From: David Steele <david(at)pgmasters(dot)net>
To: pgsql-bugs(at)postgresql(dot)org
Subject: Backend crash on non-exclusive backup cancel
Date: 2017-02-28 01:33:34
Views: Raw Message | Whole Thread | Download mbox
Lists: pgsql-bugs pgsql-hackers

I found this issue while working on a pg_stop_backup() patch. If a
non-exclusive pg_stop_backup() is cancelled and then attempted again the
backend will crash on assertion:

$ test/pg/bin/psql
psql (10devel)
Type "help" for help.

postgres=# select * from pg_start_backup('label', true, false);
(1 row)

postgres=# select * from pg_stop_backup(false);
^CCancel request sent
ERROR: canceling statement due to user request
postgres=# select * from pg_stop_backup(false);
server closed the connection unexpectedly
This probably means the server terminated abnormally
before or while processing the request.
The connection to the server was lost. Attempting reset: Failed.
!> \q

From the server log:

2017-02-28 01:21:34.755 UTC STATEMENT: select * from pg_stop_backup(false);
TRAP: FailedAssertion("!(XLogCtl->Insert.nonExclusiveBackups > 0)",
File: "/postgres/src/backend/access/transam/xlog.c", Line: 10723)

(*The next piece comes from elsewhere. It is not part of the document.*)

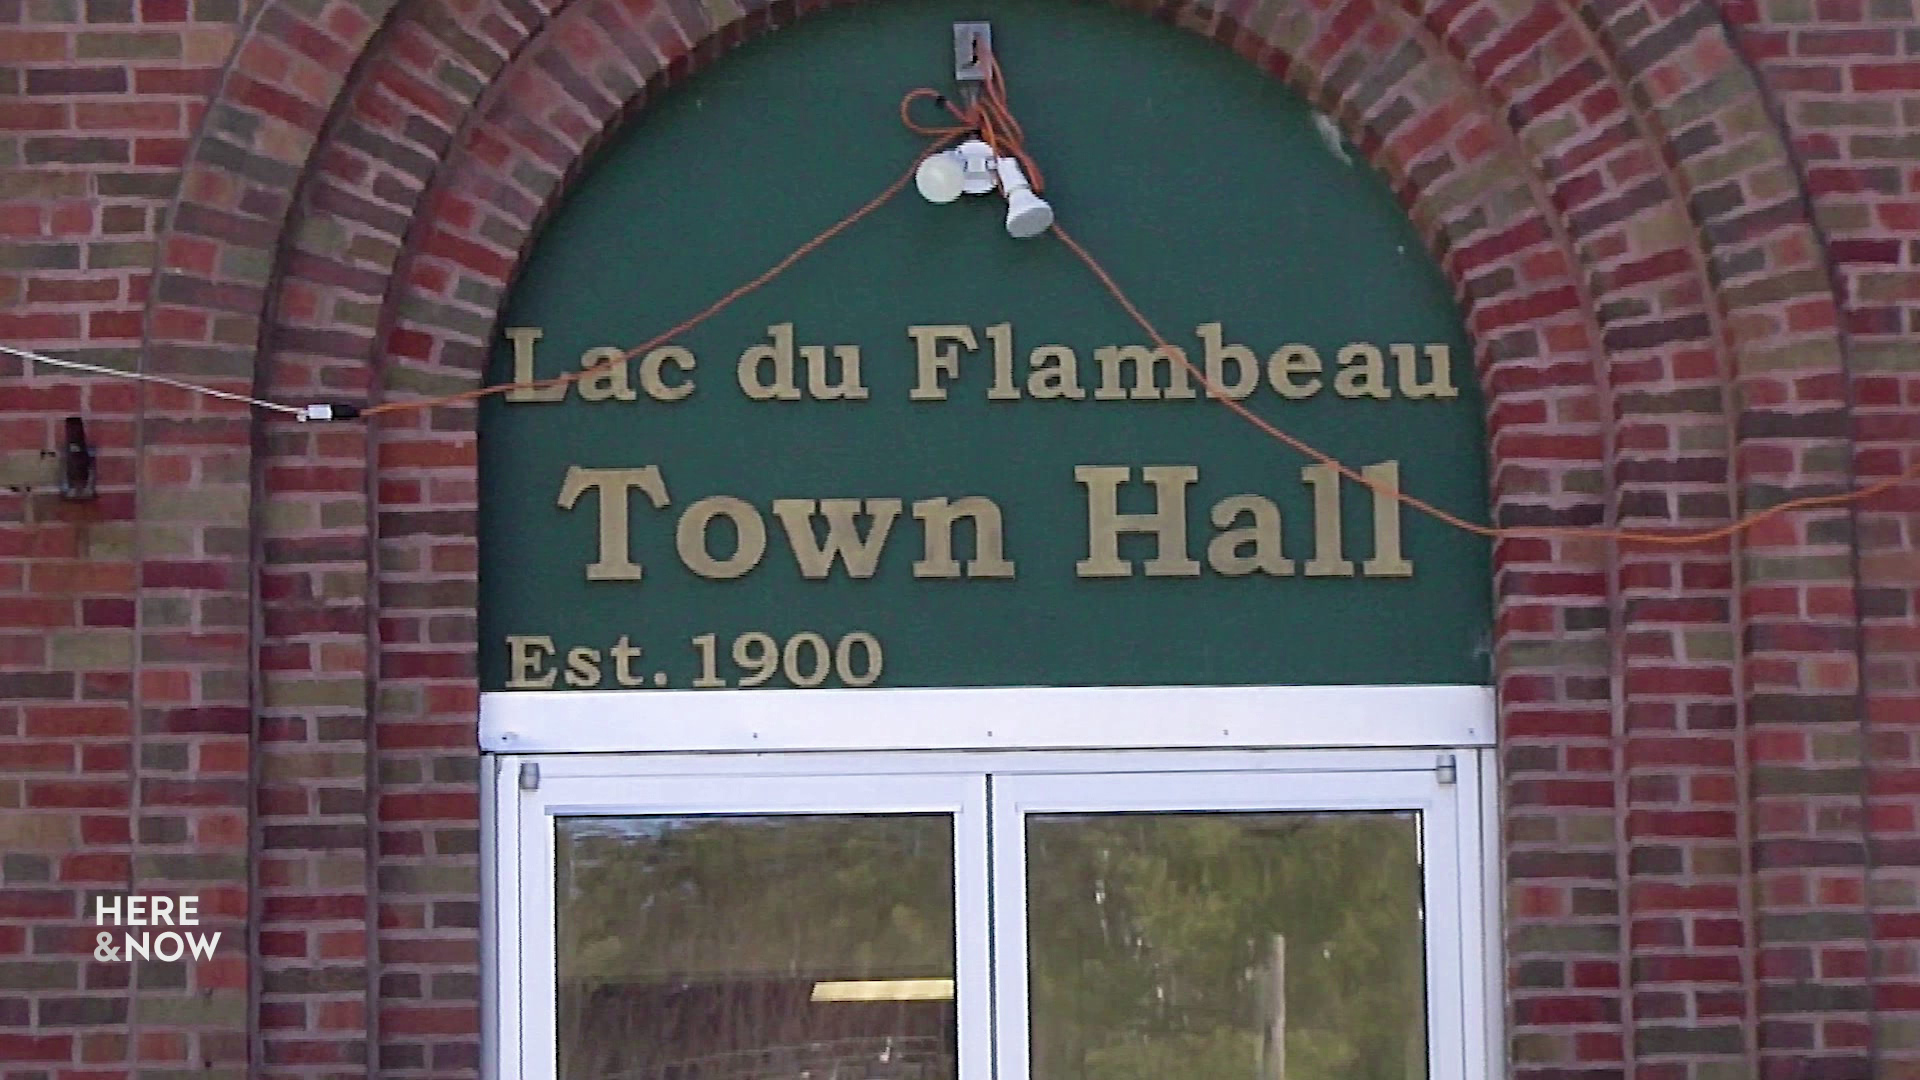 Signage reading "Lac du Flambeau Town Hall" is affixed above a door in a brick building.

This error was produced in master at 30df93f. Configure settings are
--enable-cassert --enable-tap-tests --with-openssl.

Disabling assertions "works", but there is still a problem. A backend
that keeps cancelling pg_stop_backup() without ever resetting the
exclusive flag in xlogfunc.c can decrement the the shared variable
XLogCtl->Insert.nonExclusiveBackups as many times as it wants. As far
as I can see the worst that will happen is that
XLogCtl->Insert.forcePageWrites won't get set back to false, but that's
still a bug.

This condition should throw "backup is not in progress" just as a
exclusive backup would, whether assertions are enabled or not.

I believe the solution is to move the exclusive flag to xlog.c and only
decrement XLogCtl->Insert.nonExclusiveBackups when exclusive is true,
otherwise return an error. Even then, it wouldn't be clear if the
backup had completed or not. I suppose any cancelled non-exclusive
pg_stop_backup() should be considered aborted whether a stop backup
record was written or not?

If that makes sense I'm happy to work up a patch. This is definitely an
edge case and I seriously doubt it is causing any issues in the field.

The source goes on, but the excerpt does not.